Notification

×

Kategori Berita

Cari Berita

Iklan

Iklan

Indeks Berita

350 Juta Vaksin Merah Putih Siap Diproduksi Tahun Depan, Untuk Siapa Saja?

Thursday, July 9, 2020 | 10:46 WIB Last Updated 2020-07-09T03:46:20Z
dr Reisa Broto Asmoro


JAKARTA (DutaJatim.com)  - Saat heboh soal kalung  eucalyptus yang  diklaim oleh Kementerian Pertanian (Kementan) sebagai “antivirus” Corona, Pemerintah  mengumumkan kabar gembira temuan Vaksin Corona.
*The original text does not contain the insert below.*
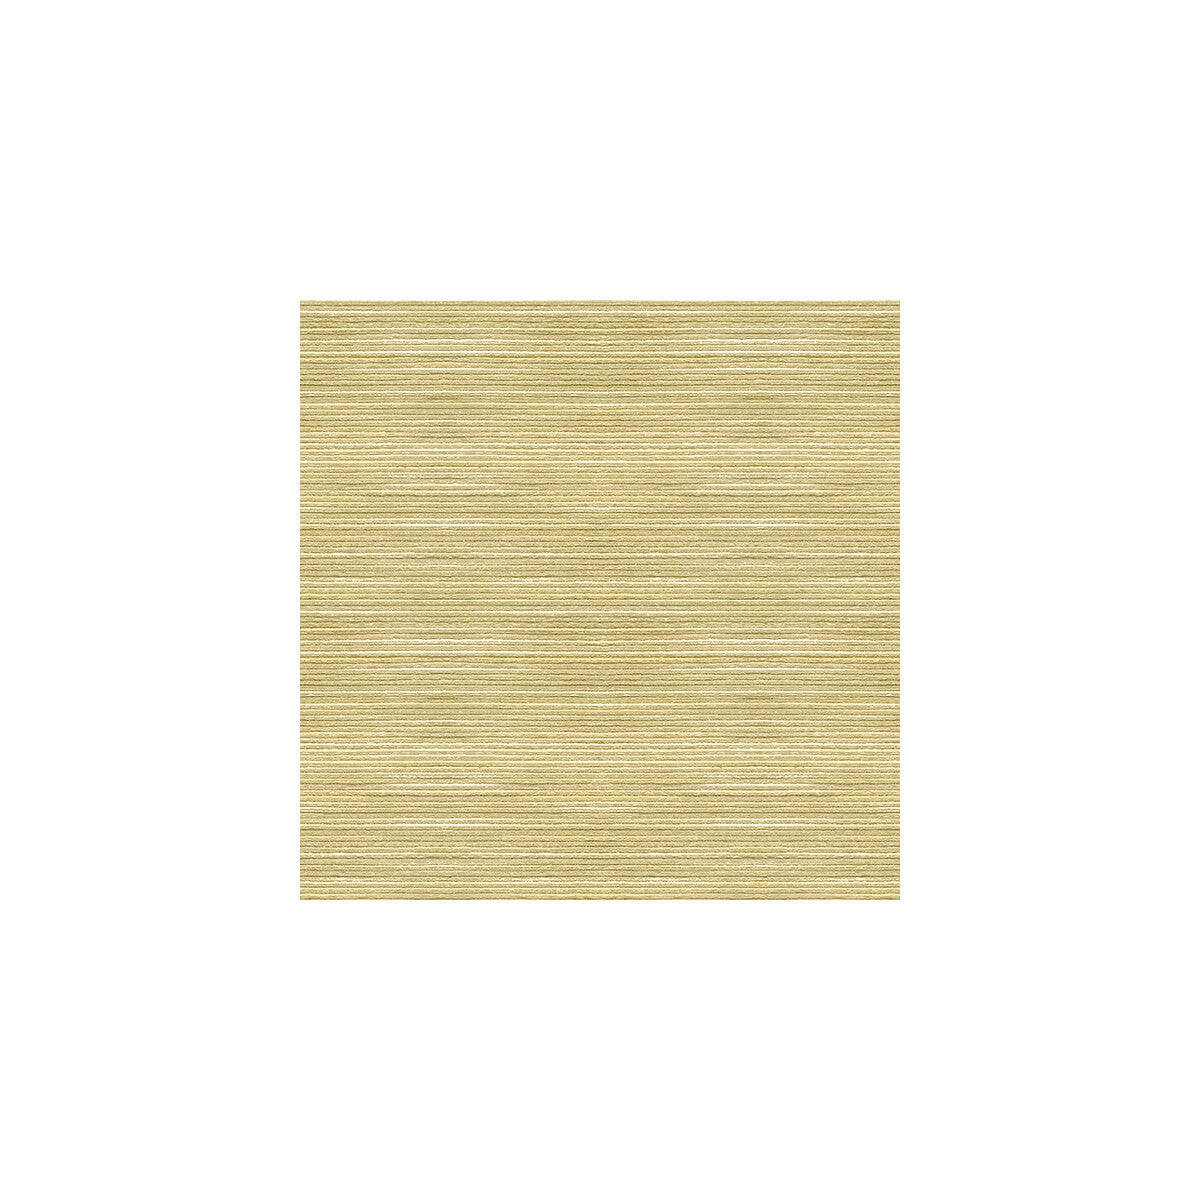 Kravet Basics fabric in 3805-1611 color - pattern 3805.1611.0 - by Kravet Basics

Vaksin produksi Indonesia itu dikembangkan oleh Lembaga Biomolekuler Eijkman (LBME), PT Bio Farma, dan PT Kalbe Farma. Saat ini setidaknya kandidat vaksin Corona itu sudah melewati 20 persen dari progres pengembangan.

Direktur LBME, Prof. Amin Soebandrio, mengatakan, saat ini belum ada nama resmi untuk vaksin yang akan diproduksi di Indonesia tersebut. Namun untuk sementara, vaksin Corona itu diberi nama Vaksin Merah Putih.

"Belum dikasih nama sebenarnya. Tapi kami sementara menyebutnya Vaksin Merah Putih. Karena dibuat untuk melawan virus yang bersirkulasi di Indonesia, dibuat oleh peneliti Indonesia, dibuat di Indonesia, dan untuk rakyat Indonesia,"  kata Prof. Amin  seperti dikutip dari detikcom, Rabu (8/7/2020).

Indonesia patut berbangga bahwa peneliti RI bisa menciptakan vaksin Corona buatan dalam negeri sehingga tidak bergantung pada negara lain.  Meski demikian, muncul kekhawatiran soal perbedaan jenis strain COVID-19 dan keterkaitannya dengan pengembangan vaksin Corona. Namun Prof. Amin menyebut perbedaan strain di beberapa wilayah di Indonesia tidak terlalu berpengaruh pada vaksin yang sedang dikembangkannya itu.

"Tentu ada perbedaan jenis strain di beberapa wilayah. Beberapa mutasi memang tidak sama tetapi mutasi tersebut tidak terlalu banyak dan tidak sampai mengubah struktur protein yang menjadi target pengembangan vaksin," katanya.

Vaksin 'Merah Putih' diperkirakan baru akan tersedia pada tahun 2021 mendatang. Rencananya, sekitar 350 juta dosis vaksin dipersiapkan untuk melawan Covid-19. Hal ini tentu sangat menggembirakan mengingat perang melawan Covid-19 sudah memakan banyak korban.  Seluruh dunia saat ini juga berlomba menciptakan vaksin potensial untuk menangkal penularan dan mengakhiri pandemi virus Corona. Setidaknya sudah ada beberapa kandidat vaksin COVID-19 yang telah memasuki tahap uji coba pada manusia, seperti dilakukan di Amerika Serikat, Inggris, dan China.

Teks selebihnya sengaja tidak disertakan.